Papers Explained 53: Galactica

Published in

DAIR.AI

9 min readAug 29, 2023

Galactica is an LLM specializing in scientific knowledge, surpasses existing models on a variety of scientific tasks, excelling in technical knowledge probes like LaTeX equations and reasoning tasks, while achieving new state-of-the-art results on PubMedQA, MedMCQA, and despite not being trained on a general corpus, it outperforms BLOOM and OPT-175B on BIG-bench.

Dataset

The corpus consists of 106 billion tokens from papers, reference material, encyclopedias, and other scientific sources. Natural language sources, such as papers and textbooks, and natural sequences, such as protein sequences and chemical formulae are combined. LATEX is processed wherever captured, and academic code is also included to capture computational science.

Tokenization

Tokenization is an important part of dataset design given the different modalities present. For example, protein sequences are written in terms of amino acid residues, where character-based tokenization is appropriate. To achieve the goal of specialized tokenization, specialized tokens are used for different modalities:

Citations are wrapped with special reference tokens [START_REF] and [END_REF].
Step-by-Step Reasoning is wrapped with a working memory token, mimicking an internal working memory context.
For mathematical content, with or without LaTeX, ASCII operations are split into individual characters. Parentheses are treated as digits. Unsplit repetitions are allowed for the rest of the operations. Operation characters include !”#$%&’*+,-./:;?^_’|, and parentheses are ()[]{}.
Numbers are split into individual digits.
SMILES formulas are wrapped with [START_SMILES] and [END_SMILES] and character-based tokenization is used.
Amino acid sequences are wrapped with [START_AMINO] and [END_AMINO] and character-based tokenization is used.
DNA sequences are wrapped with [START_DNA] and [END_DNA] and character-based tokenization is used.

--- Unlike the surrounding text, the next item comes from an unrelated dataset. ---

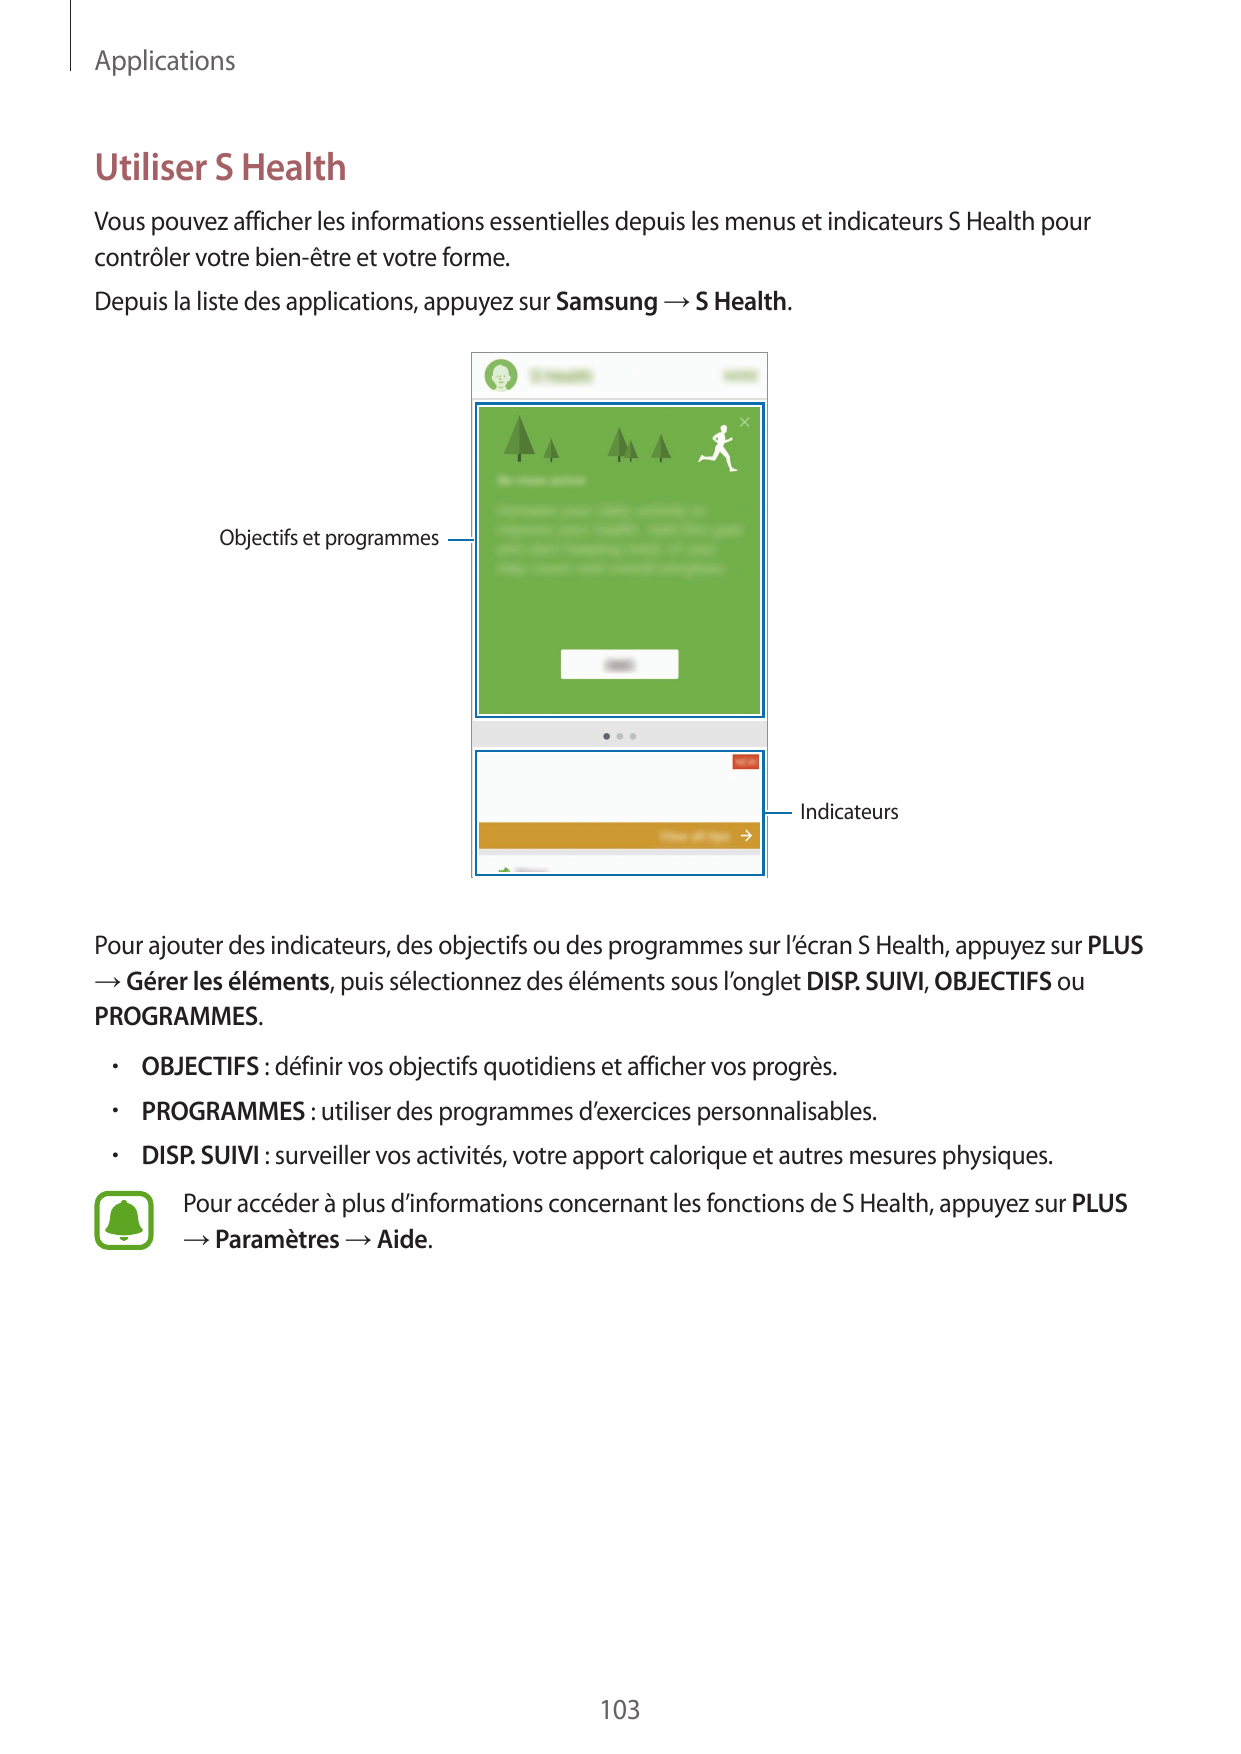 ApplicationsUtiliser S HealthVous pouvez afficher les informations essentielles depuis les menus et indicateurs S Health pourcon

Working Memory Token <work>

Transformer models have trouble with tasks needing multiple steps due to a lack of working memory. Researchers have tackled this by using the model’s output context as an external working memory, akin to human use of scratchpads. This method has drawbacks like finding optimal prompts and forcing the model into non-ideal computations. To counter these, Galactica introduces a “<work>” token for working memory, embedding step-by-step reasoning within “<work></work>” tags in datasets. While a significant architectural shift might be necessary for full support, this approach offers a bridge to that goal, despite current dataset limitations.

An example answer with the working memory token. It performs exact steps for rearranging the equation, and when it reaches a calculation that it cannot solve reliably in a forward pass, it writes a program, which can then be offloaded to a classical computer.

Reasoning Datasets (to train the model to use a “work” token)

Prompt Pre-Training

The Galactica paper introduces a novel method for enhancing language models by incorporating prompts into pre-training alongside general data. This approach is motivated by findings that training token count and prompt tuning impact performance. Smaller fine-tuned models excel in some tasks due to world knowledge but lack task-context knowledge. To address this, Galactica suggests augmenting pre-training data with task prompts, potentially obviating the need for larger datasets or models. The largest model, 120 billion parameters, performs well on popular tasks and maintains generality while boosting task-specific performance. This approach is akin to ExT5 but doesn’t replace instruction tuning, which could further enhance performance on various tasks.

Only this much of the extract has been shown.